ABOUT THIS EXERCISE: Transcribe exactly, and without pictures, the lines from the one that contains "Dettagli Enginnered Fit" through the last line of the material.

COLLECTED MATERIAL:
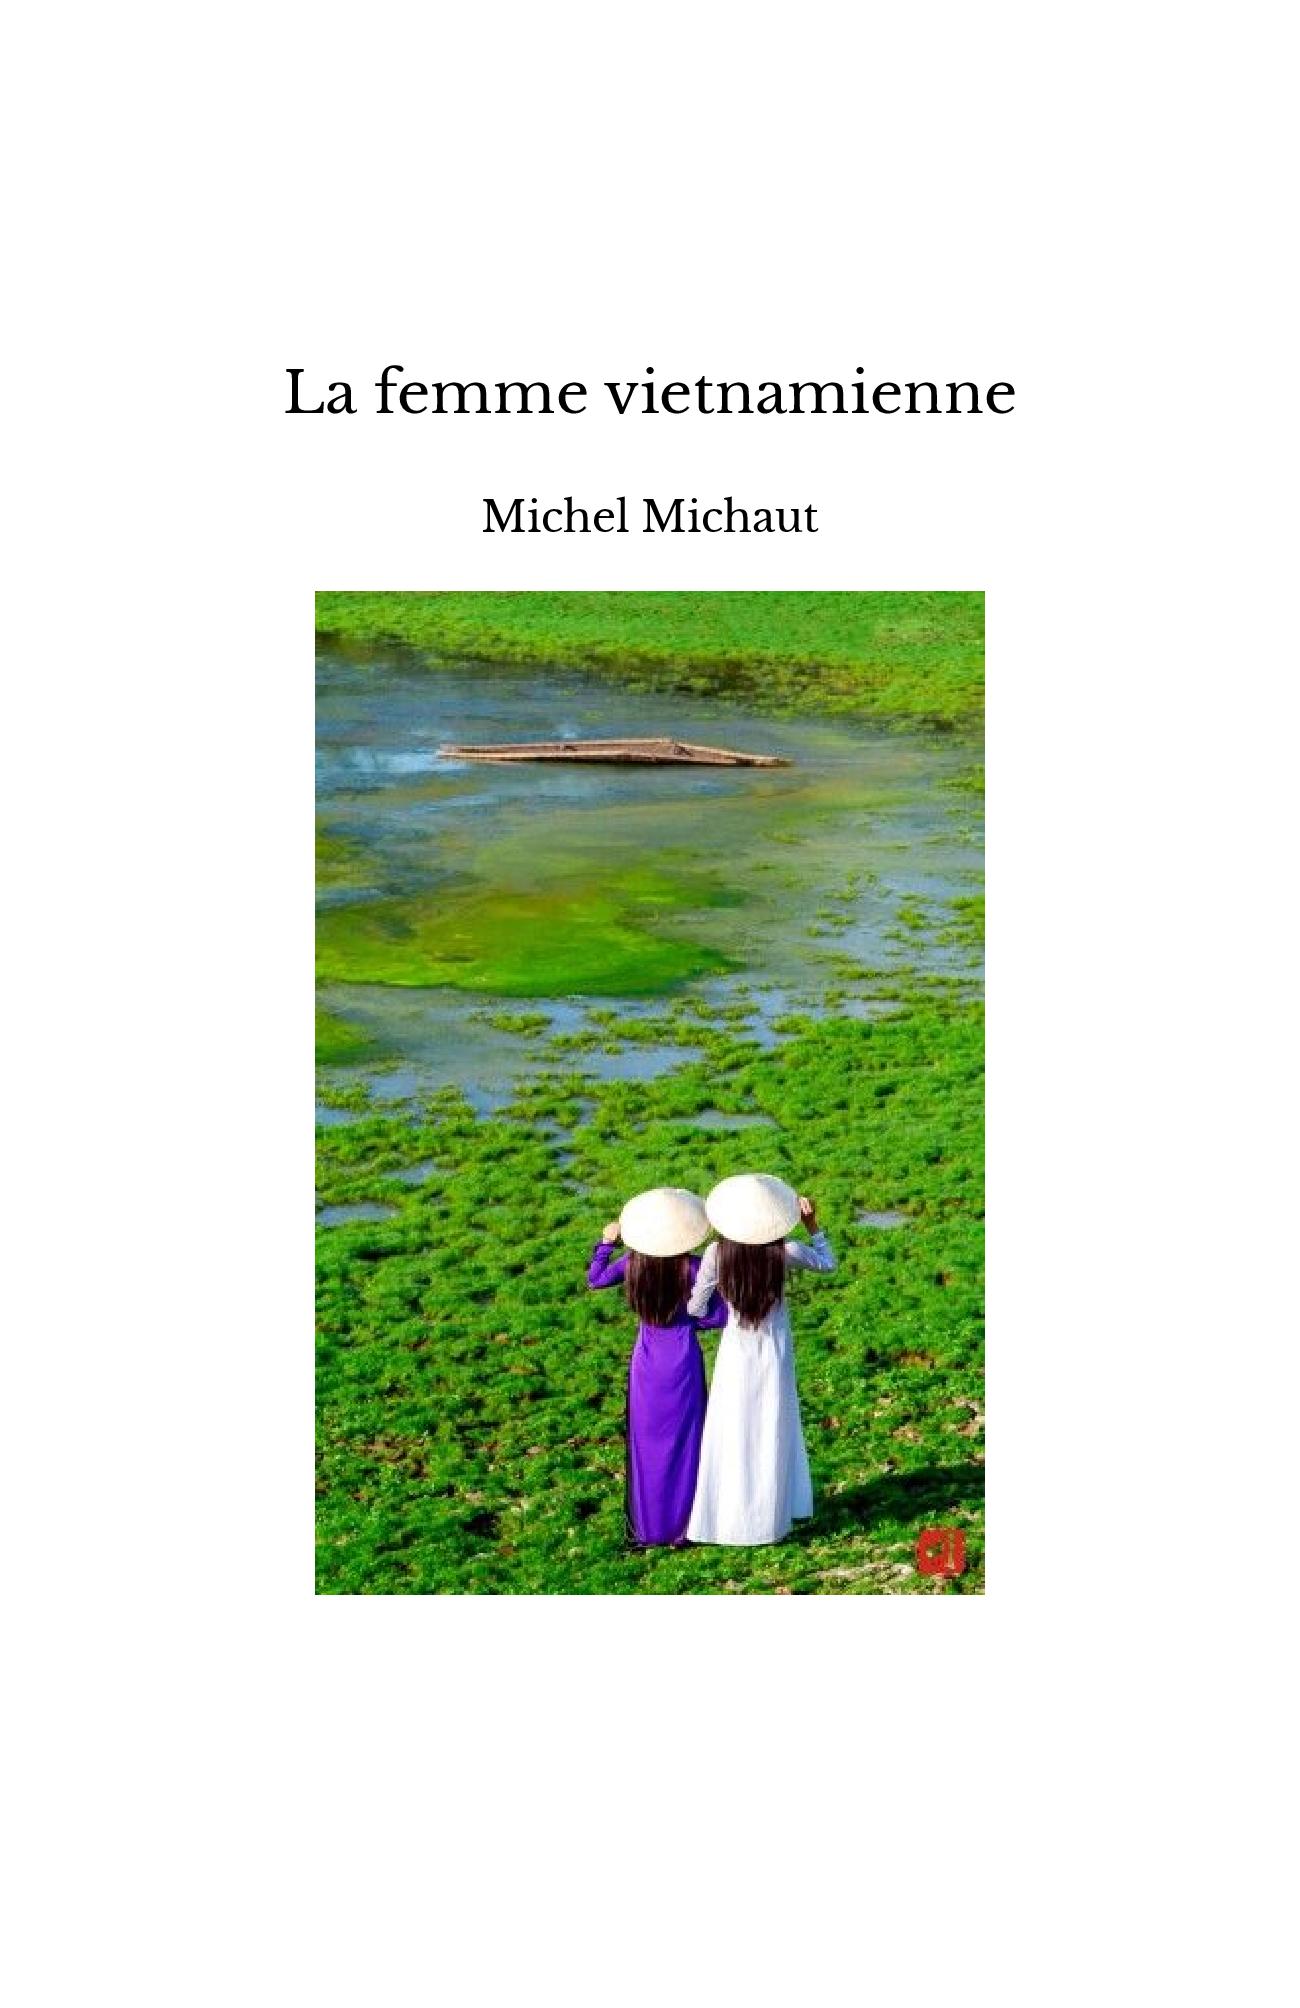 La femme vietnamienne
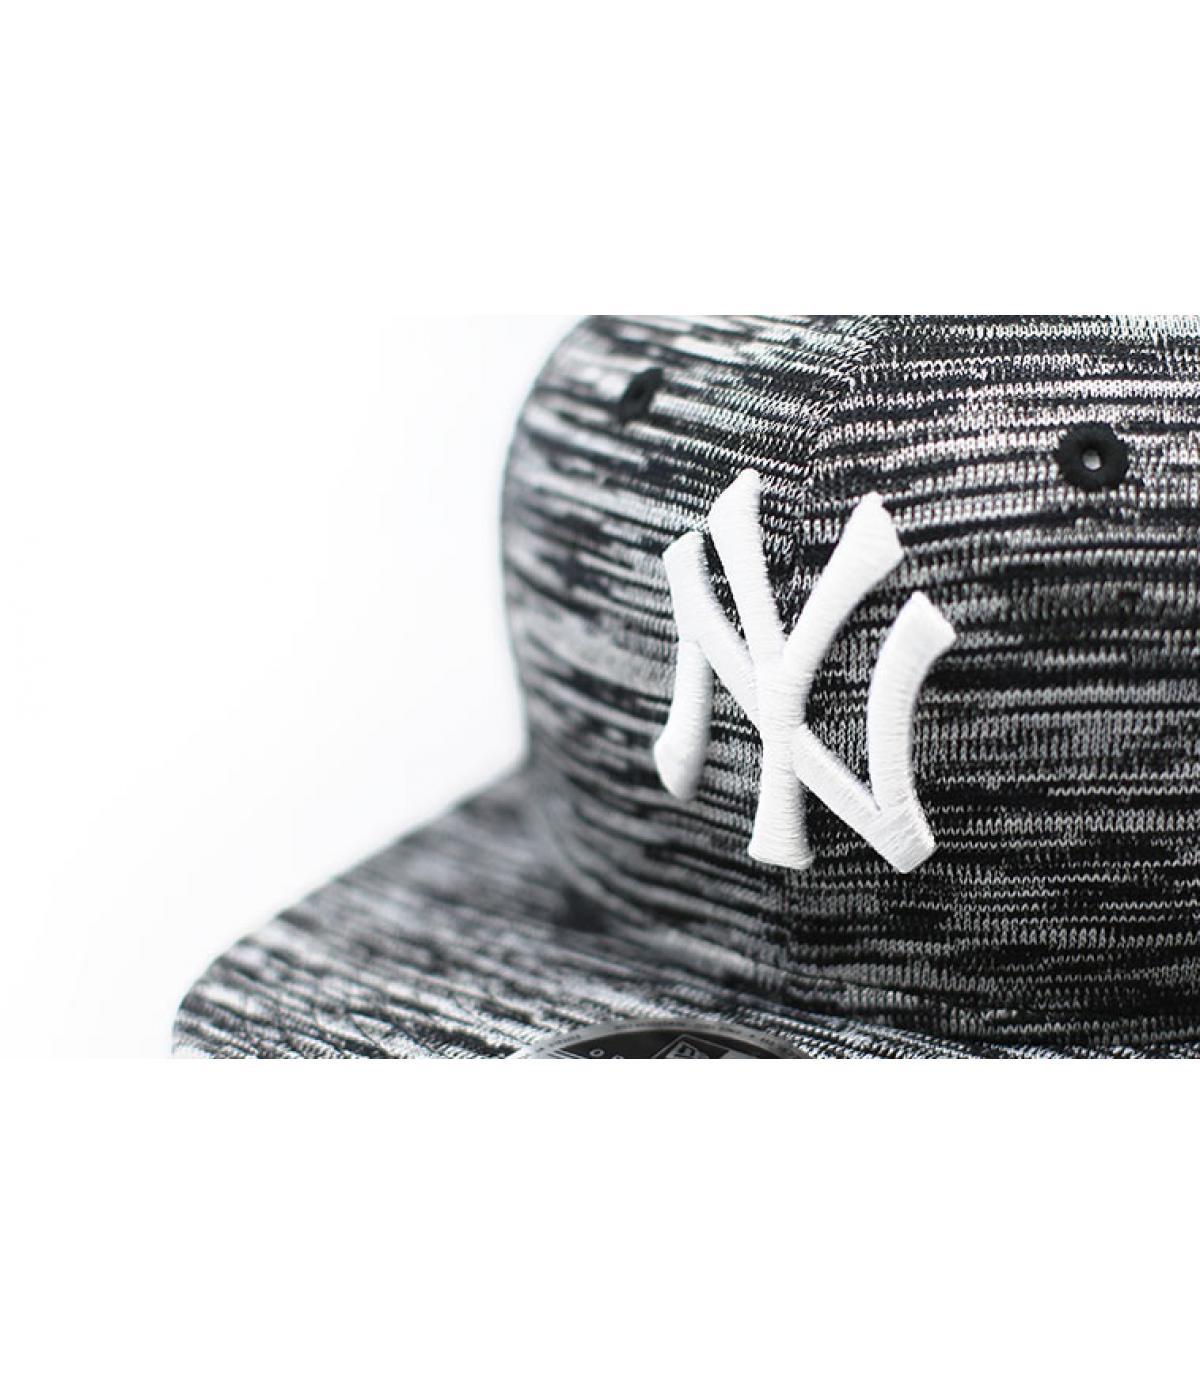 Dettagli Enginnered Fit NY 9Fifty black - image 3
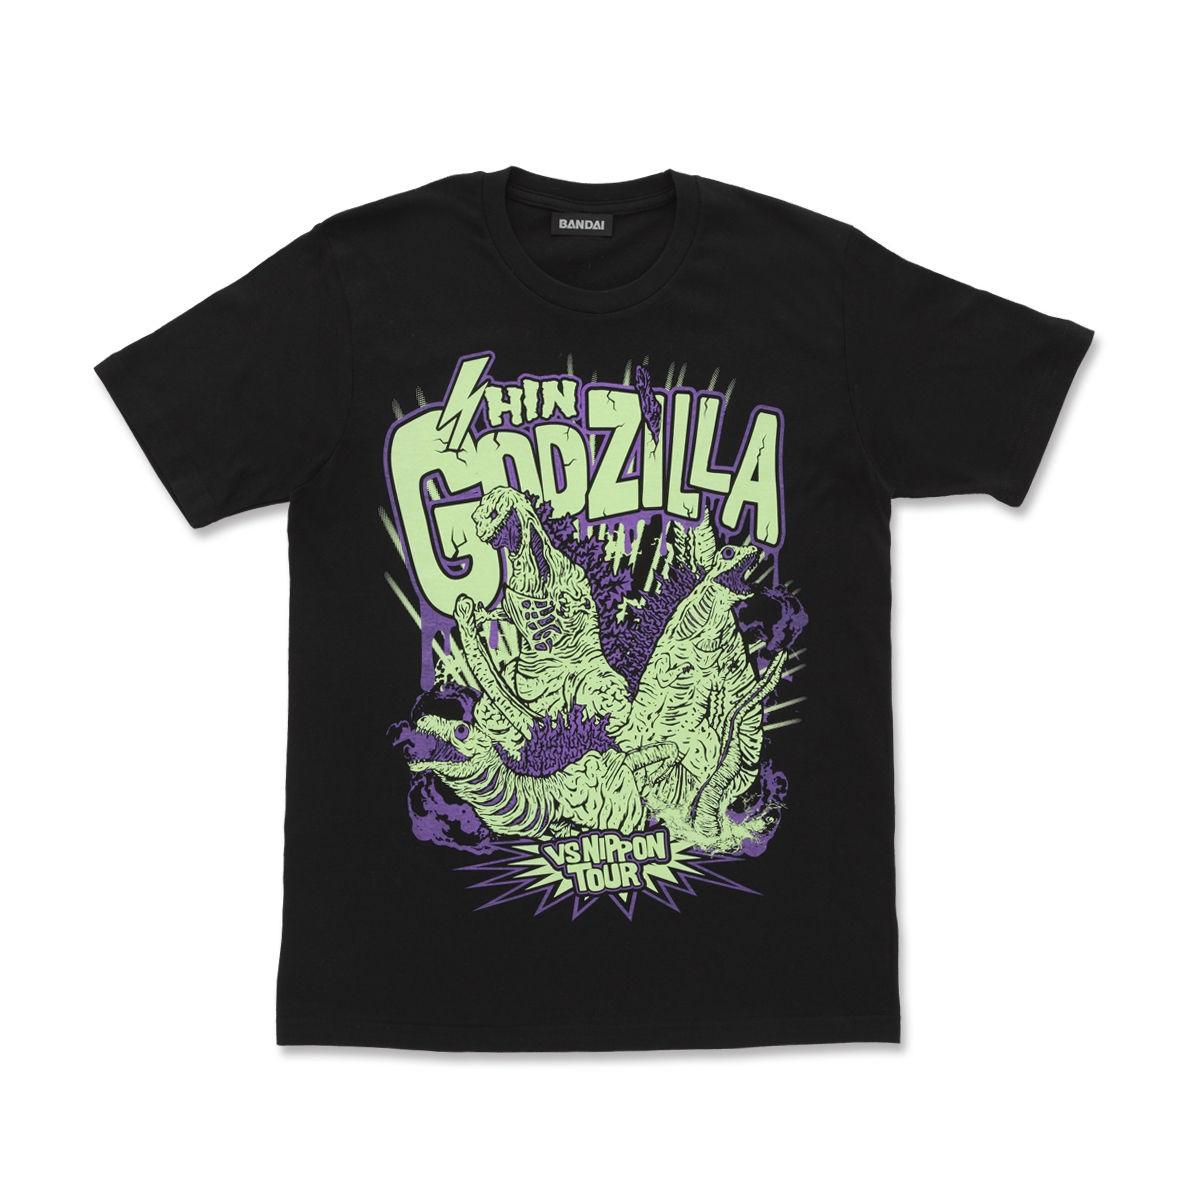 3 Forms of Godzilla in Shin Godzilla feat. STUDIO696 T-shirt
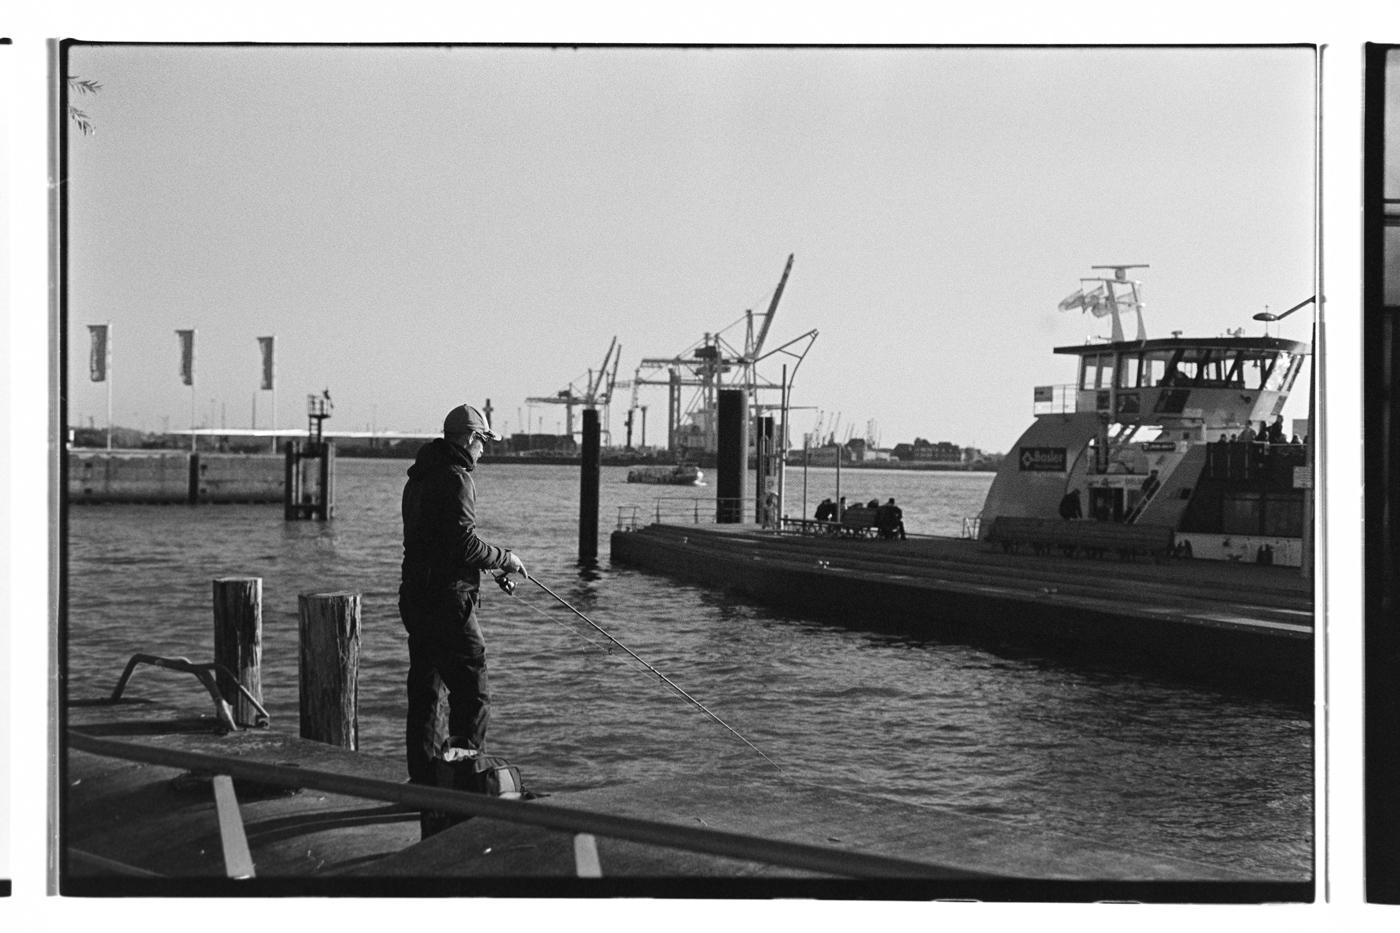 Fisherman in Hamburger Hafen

TASK RESULT:
 Dettagli Enginnered Fit NY 9Fifty black - image 3
 3 Forms of Godzilla in Shin Godzilla feat. STUDIO696 T-shirt
 Fisherman in Hamburger Hafen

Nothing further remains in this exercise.